$x_1 + 2x_2 + x_3 − x_4 = 0$
$−x_1 + 2x_2 + x_3 + x_4 = 0$
$x_1 + x_3 = 0$
Consider the following matrix $A$ from the system of equations:
$$A = \left(\begin{array}{crc} 1 & 2 & 1 & -1\\ -1 & 2 & 1 & 1\\ 1 & 0 & 1 & 0\\ \end{array}\right)$$
1) Find a basis of the solution space $W (Ax=0).$
2) Find a Matrix $A$ such that the image of the transformation $T: \mathbb R^6 \to \mathbb R^4$ equals $W (\mathrm{im}(T)=W)$
3) Find a Matrix $A$ such that the kernel of the transformation $F: \mathbb R^4 \to \mathbb R^6$ equals $W (\mathrm{ker}(F)=W)$
My solution so far:
I found the solution space to be a line. I performed GJ elimination and got
$$\left(\begin{array}{crc} x_1 \\ x_2 \\ x_3 \\ x_4 \end{array}\right) = \left(\begin{array}{crc} 1 \\ 1/2 \\ -1 \\ 1 \end{array}\right) \cdot t$$ where $t$ is a free variable.
So a basis (one of the many) is the vector $$ u =\left(\begin{array}{crc} 1 \\ 1/2 \\ -1 \\ 1 \end{array}\right)$$
$W = span(u)$
2) We are looking for a matrix $B$ such that $B\cdot x = u$. The matrix $B$ will be a $4\times 6$ matrix.
Let the first row of the matrix be
$$B = \left(\begin{array}{crc} a_1 & b_1 & c_1 & d_1 & e_1 & f_1\\ .. & .. & .. & .. & .. & ..\\ .. & .. & .. & .. & .. & ..\\ .. & .. & .. & .. & .. & ..\\ \end{array}\right)$$
and this is valid:
$a_1x_1+b_1x_2+c_1x_3+d_1x_4+e_1x_5+f_1x_6 = 1$
We notice though that
$a_1=-a_3=a_4$
$b_1=-b_3=b_4$
.
.
.
$f_1=-f_3=f_4$
and that:
$a_2=\frac{1}{2}a_1$ and $b_2=\frac{1}{2} b_1$ and so on..
What I end up with is with a Matrix that looks like this:
$$B = \left(\begin{array}{crc} a_1 & b_1 & c_1 & d_1 & e_1 & f_1\\ 0 & 0 & 0 & 0 & 0 & 0\\ 0 & 0 & 0 & 0 & 0 & 0\\ 0 & 0 & 0 & 0 & 0 & 0\\ \end{array}\right)$$
which can't be right since what we get is a scalar product.
Please help me. I don't know what I am doing wrong!
Thanks :)
Happy New Year to you all! :)
1) There's an error:It is evident the third equation can't be verified if all coordinates are positive. Actually the third coordinate of $u$ is $-1$.
2) Remember the image of a linear map is generated by the column-vectors of its matrix in a given basis. So all column-vectors of A should be colinear with $u$.

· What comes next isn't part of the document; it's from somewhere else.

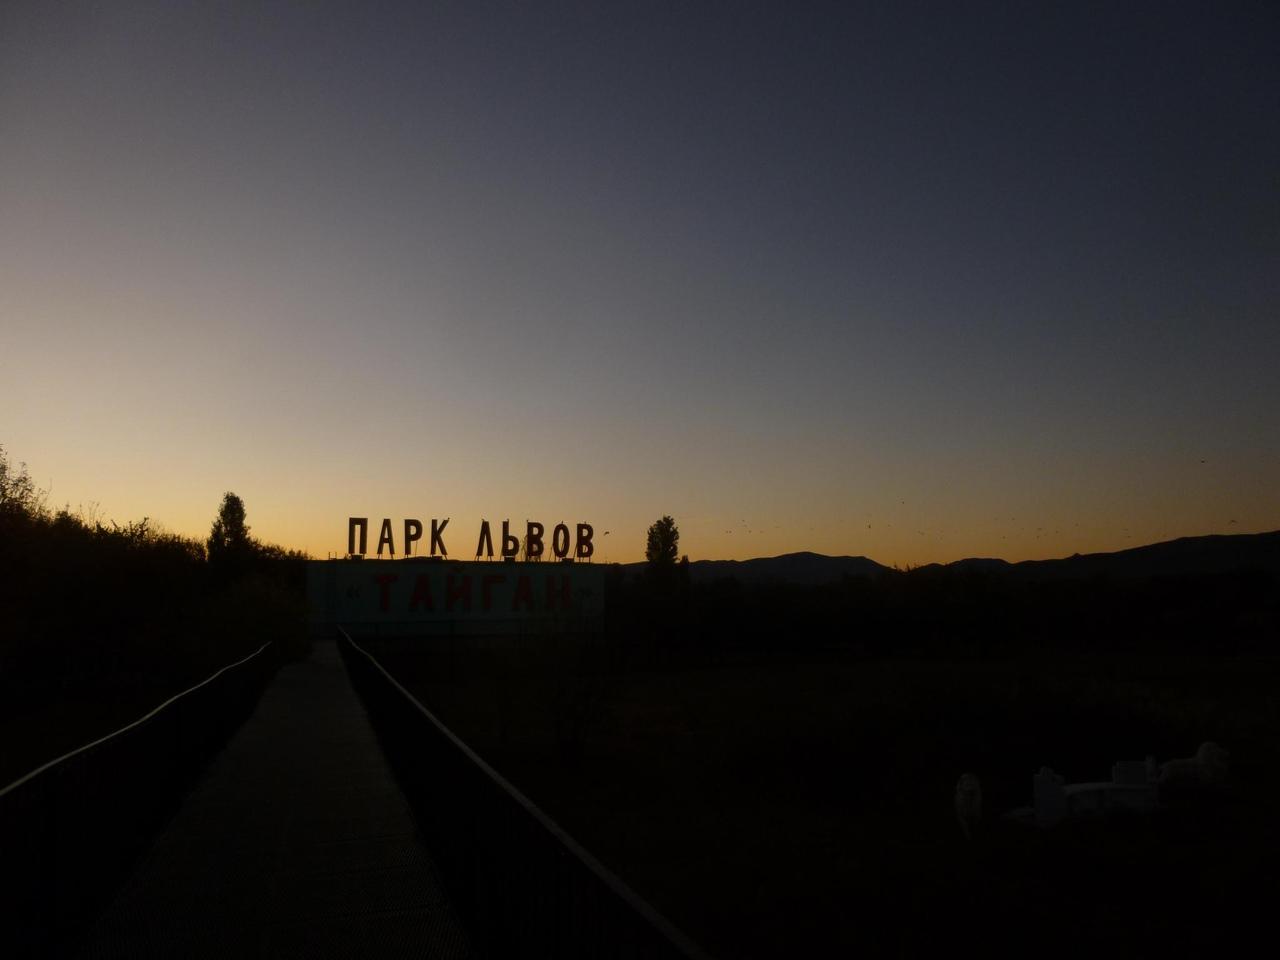 Названа дата открытия парка «Тайган» в Крыму

3) You can take for $A$ a 6×4 matrix that's made up of two 3×4 blocks which have kernel equal to $W.$ The simplest is to take these blocks equal to the $A$ of question 1).
Indeed, since $W=\ker T\subset \mathbf R^4$, if we set $ F=T\oplus T\colon \mathbf R^3\oplus\mathbf R^3\simeq \mathbf R^6\rightarrow \mathbf R^4$, we have that $\ker F=\ker T\cap\ker T=W$.